Future follow-ups and potential limitations

We haven’t tapped into optimizations at all for this service yet, and have a pretty high ceiling for things we can do to improve performance. We haven’t invested at all in indexing our tables, or in adding caching in the application or as a service. When warranted, we’ll be able to tap into these methods to get an immediate boost in performance.

We also, based on our back-of-the-envelope calculations, have a pretty significant runway before we start reaching the limitations of PostgreSQL. We expect each facility to generate O(1000) resources and resource operations per month. Given this rate, we should have years of stability before we need to worry about doing anything more complex with our storage infra. If and when we hit limitations of PostgreSQL, there are plenty of steps we can take to move forward. We could always move toward a store like DynamoDB, or something like CockroachDB. We could also pursue a new data layout and shard the tables based on some method of partitioning. We thankfully have a while before we’re going to need to pursue any of these options.
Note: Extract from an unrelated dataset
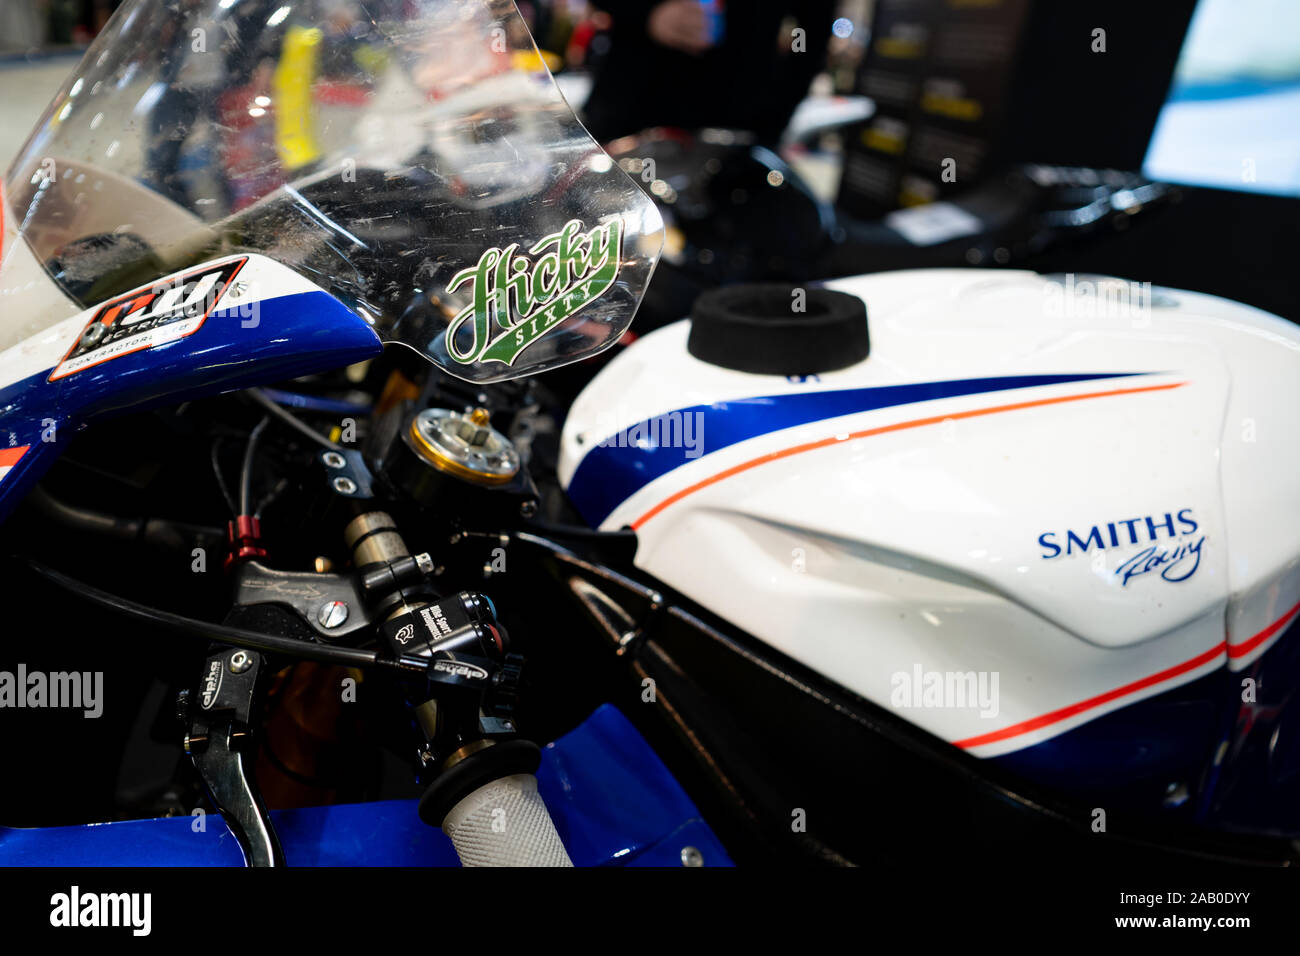 Smiths BMW S1000RR ridden by Peter Hickman for the Smiths Racing BMW team in Bennetts British Superbike Championship Stock Photo

While I’m typically a proponent of leveraging off-the-shelf solutions whenever possible, it actually made sense for us to implement our own authorization system. So far the software has been stable, easy to maintain, and is working well for our use cases. This decision isn’t right for everyone however, and careful consideration should be made when making architectural choices like this one. Hopefully this post was helpful in understanding a set of challenges that we’re facing at Sage, and perhaps it will make it easier for someone else to think through auth architecture in the future.